But although this great story tells of a nay-saying of a quite ultimate kind, perhaps the first thing we notice about Bartleby's "no" is how far it is from being uttered "in thunder." And exactly its distance from thunder makes the negation as momentous as it is; the contrast between the extent of Bartleby's refusal and the minimal way in which he expresses it accounts for the story's strange force, its mythic impressiveness. Whether he is being asked to accommodate himself to the routine of his job in the law office or to the simplest requirements of life itself, Bartleby makes the same answer, "I prefer not to"—the phrase is prism, genteel, rather finicking; the negative volition it expresses seems to be of a very low intensity. Melville is at pains to point up the odd inadequacy of that word prefer by the passage in which he tells how it was unconsciously adopted into the speech of the narrator and his office staff, and with what comic effect.
Actually, of course, the small, muted phrase that Bartleby chooses for his negation is the measure of his intransigence. A "NO! in thunder" implies that the person who utters it is involved with and has strong feelings about whatever it is that he rejects or opposes. The louder his thunder, the greater is his (and our) belief in the power, the interest, the real existence of what he negates. Bartleby's colorless formula of refusal has the opposite effect—in refusing to display articulate anger against the social order he rejects, our poor taciturn nay-sayer denies its interest and any claim it may have on his attention and reason. "I prefer not to" implies that reason is not in point; the choice that is being made does not need the substantiation of reason: it is, as it were, a matter of "taste," even of whim, an act of pure volition, having reference to nothing but the nature of the agent. Or the muted minimal phrase might be read as an expression of the extremest possible arrogance—this Bartleby detaches himself from all human need or desire and acts at no behest other than that of his own unconditioned will.

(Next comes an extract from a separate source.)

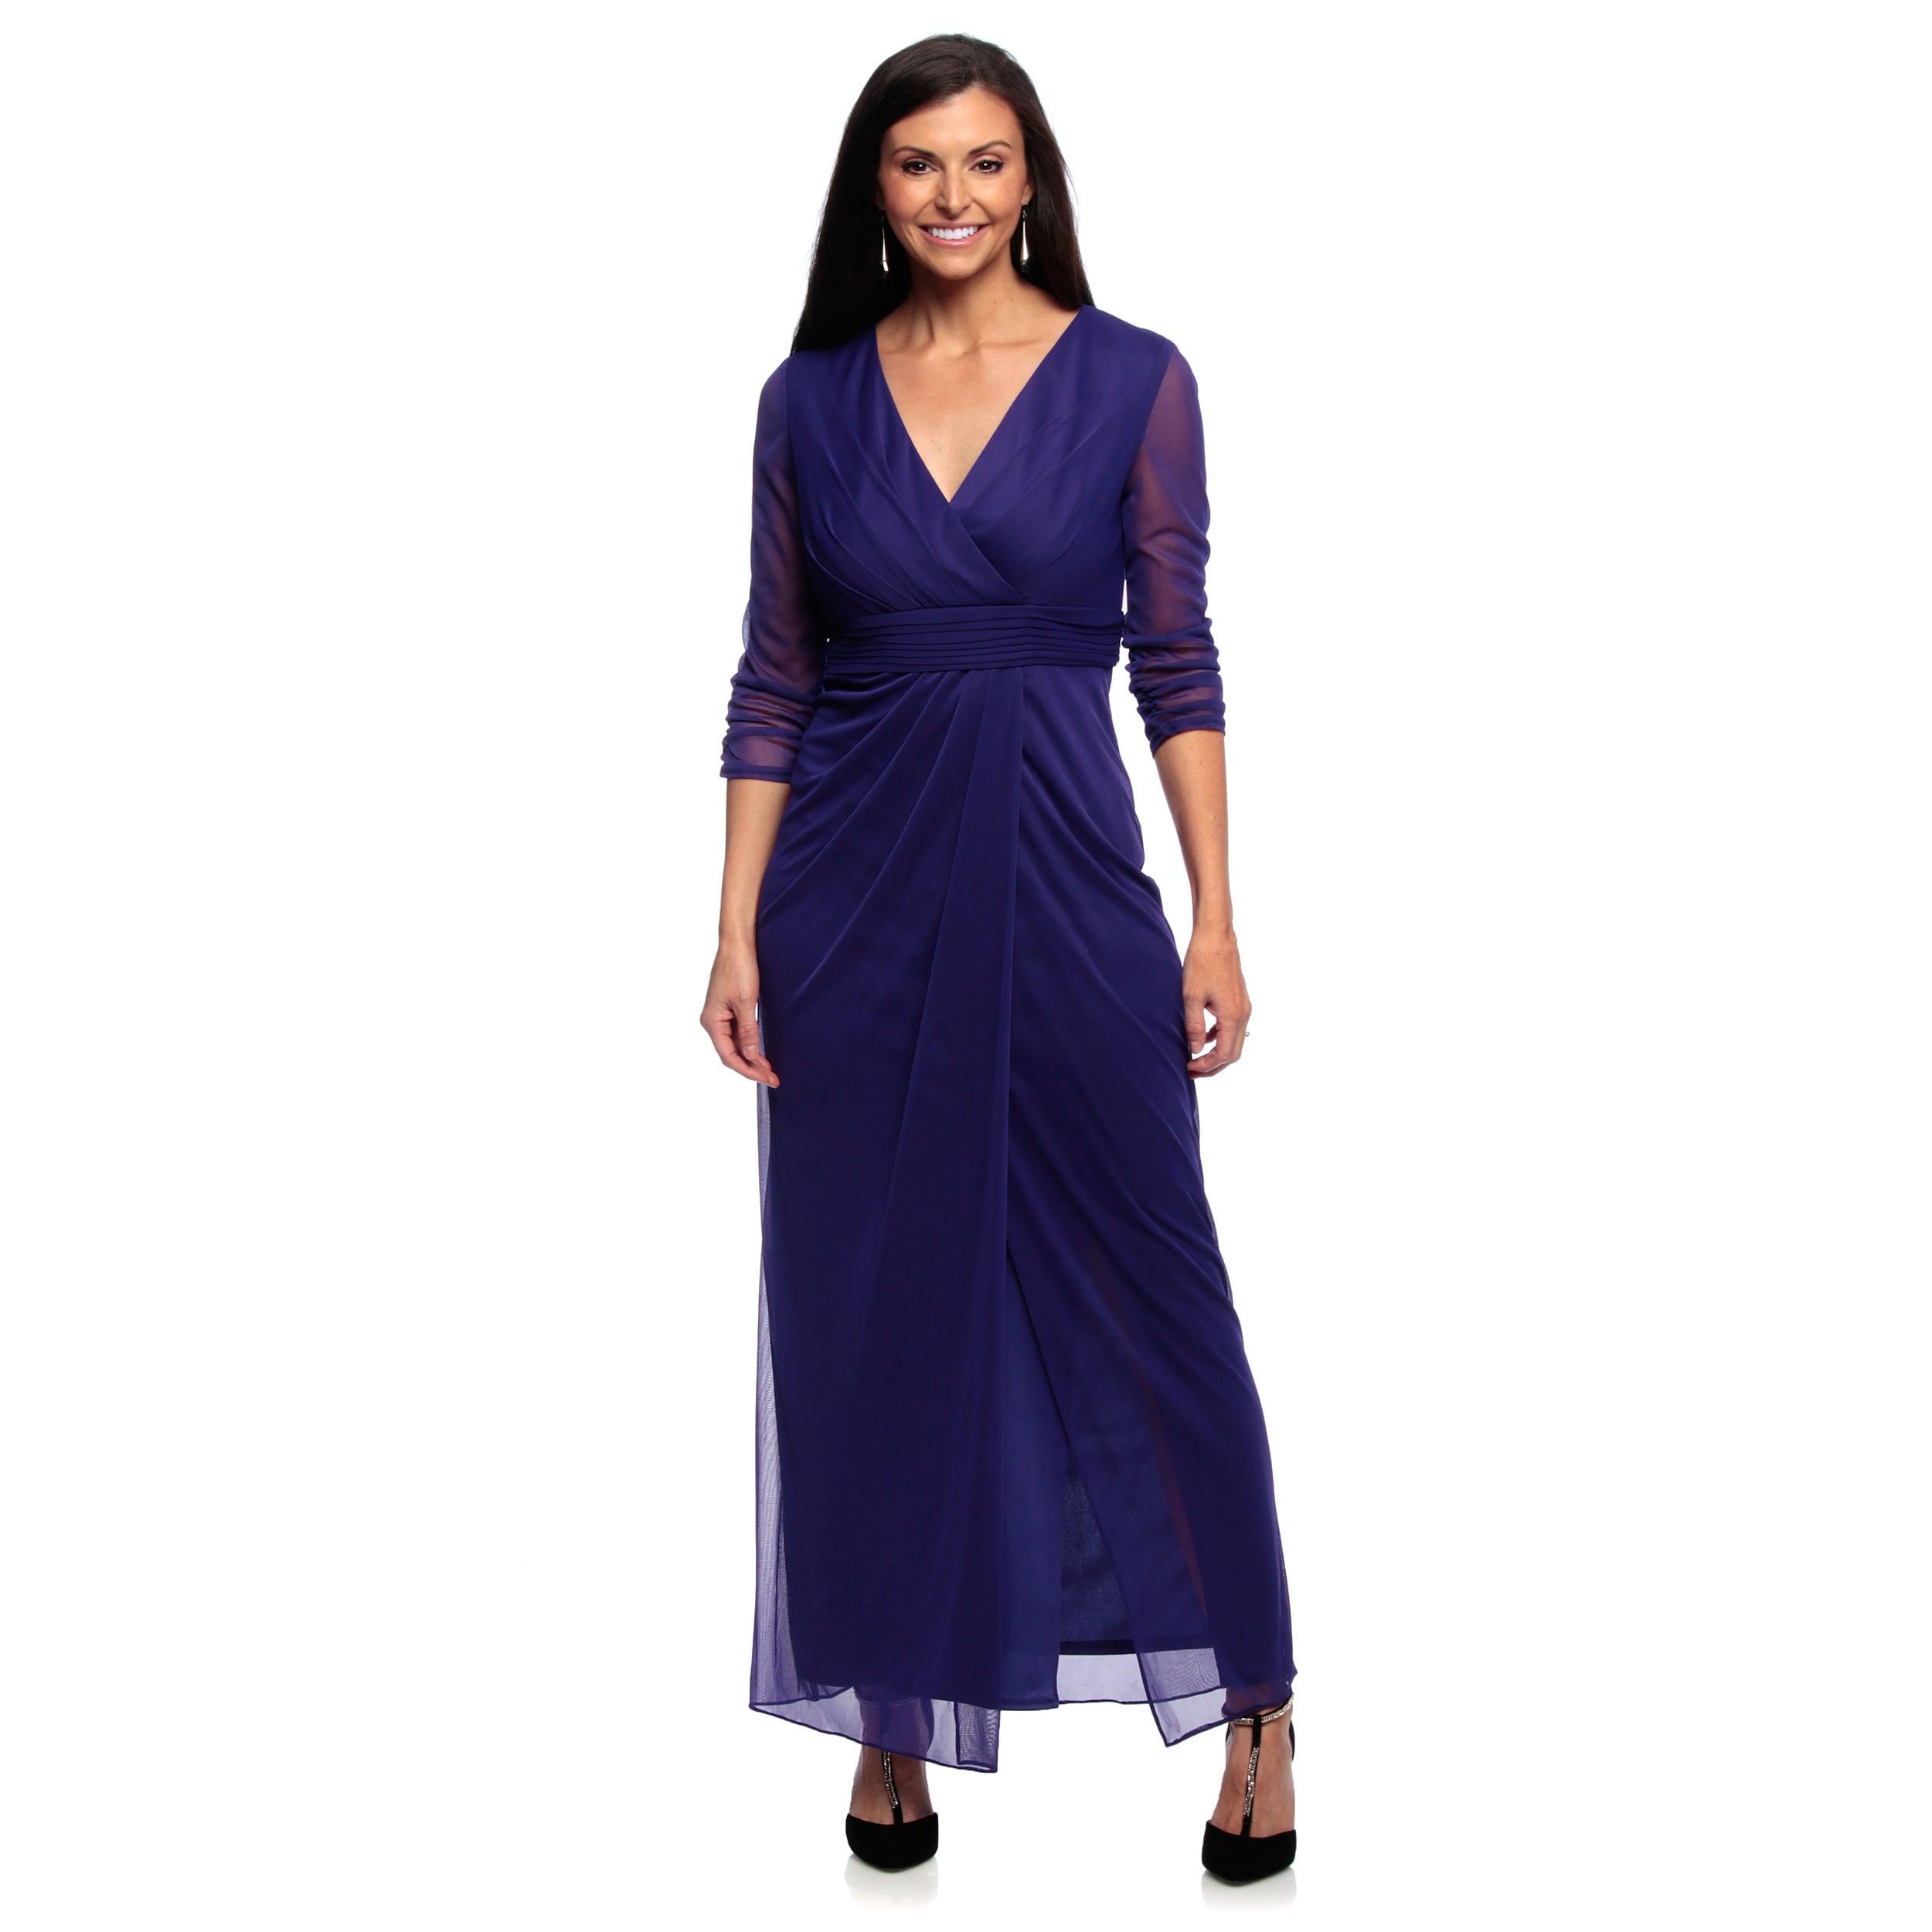 4225737f832f Petite Long Formal Evening Dresses - raveitsafe

It is possible that Melville never heard of Karl Marx, although the two men were contemporaries, but Melville's "story of Wall Street" exemplifies in a very striking way the concept of human alienation which plays an important part in Marx's early philosophical writings and has had considerable influence on later sociological thought. Alienation is the condition in which one acts as if at the behest not of one's own will but of some will other (Latin: alius) than one's own. For Marx its most important manifestation is in what he called "alienated labor," although he suggested that the phrase was redundant, since all labor is an alienated activity. In Latin labor has the meaning of pain and weariness as well as of work that causes pain and weariness, and we use the word to denote work that is in some degree enforced and that goes against the grain of human nature: a culprit is sentenced to a term of "hard labor," not of "hard work." By the same token, not all work is alienated; Marx cites the work of the artist as an example of free activity, happily willed, gratifying and dignifying those who perform it.

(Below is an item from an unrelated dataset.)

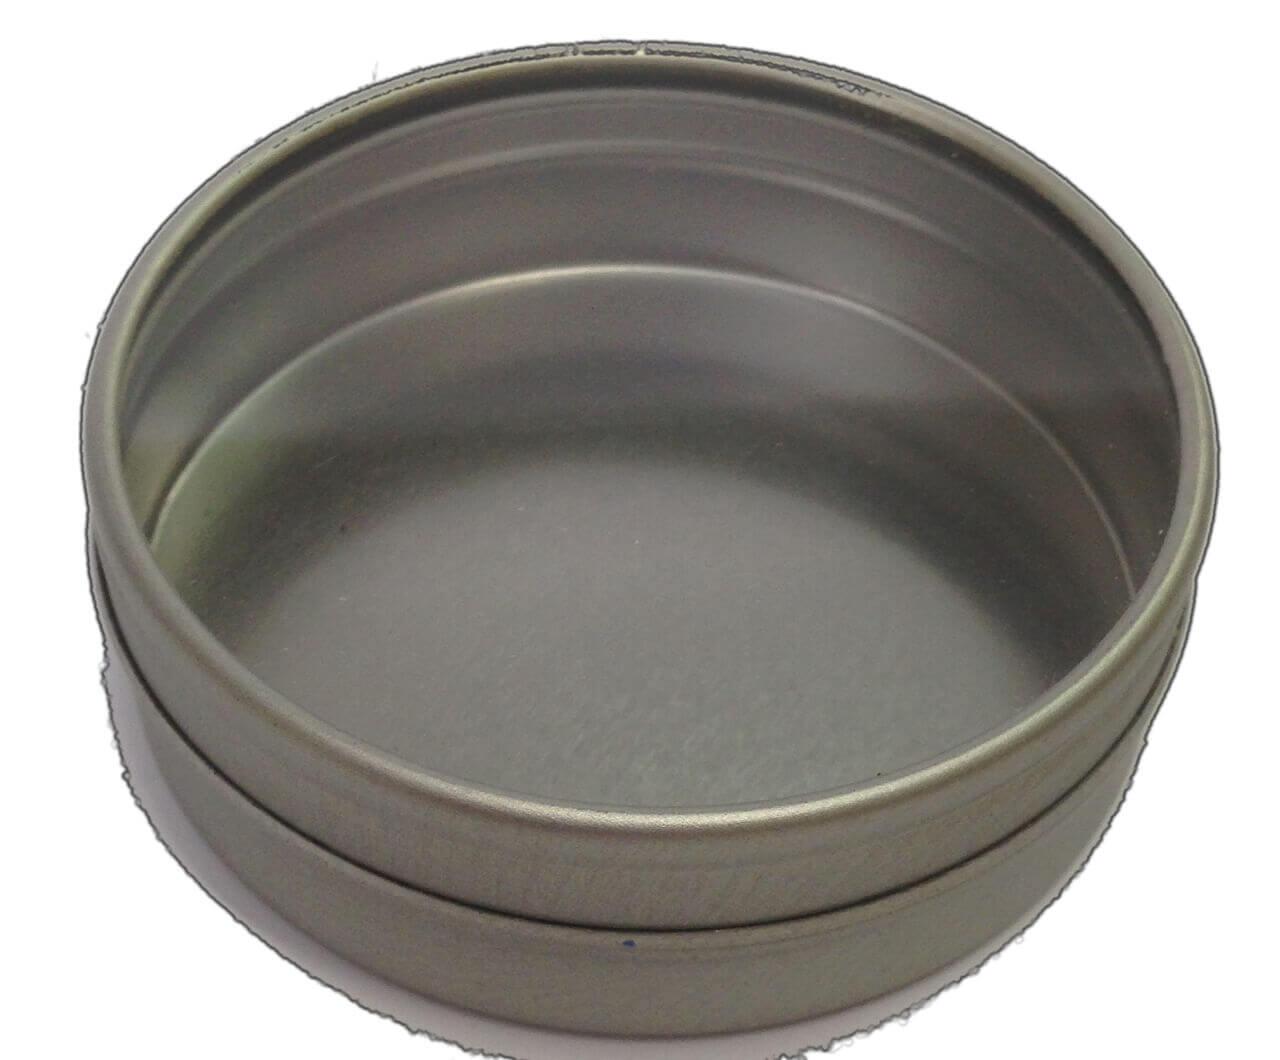 Metalldose für RohkaffeeMusterSet

In undertaking to explain the reason for the alienated condition of man, Marx refused to accept the idea that it is brought about by the necessities of survival. Man, he said, can meet these necessities with the consciousness of free will, with the sense that he is at one with himself; it is society that alienates man from himself. And Marx held that alienation is at its extreme in those societies which are governed by money-values. In a spirited passage, he describes the process of accumulating capital in terms of the sacrifice of the free human activities that it entails: "The less you eat, drink, and read books; the less you go to the theatre, the dance hall, the public-house; the less you think, love, theorize, sing, paint, fence, etc., and the more you save—the greater becomes your treasure which neither moth nor dust will devour—your capital. The less you are, the more you have; the less you express your own life, the greater is your externalized life—the greater is the store of your alienated being." This describes the program for success in a money society; it was followed, we may note, in his early days by John Jacob Astor, who commands the ironized respect of the narrator of "Bartleby the Scrivener," and no doubt to some extent by the narrator himself. Those members of a money society who do not consent to submit to the program are, of course, no less alienated, and they do not have the comforting illusion of freedom that the power of money can give.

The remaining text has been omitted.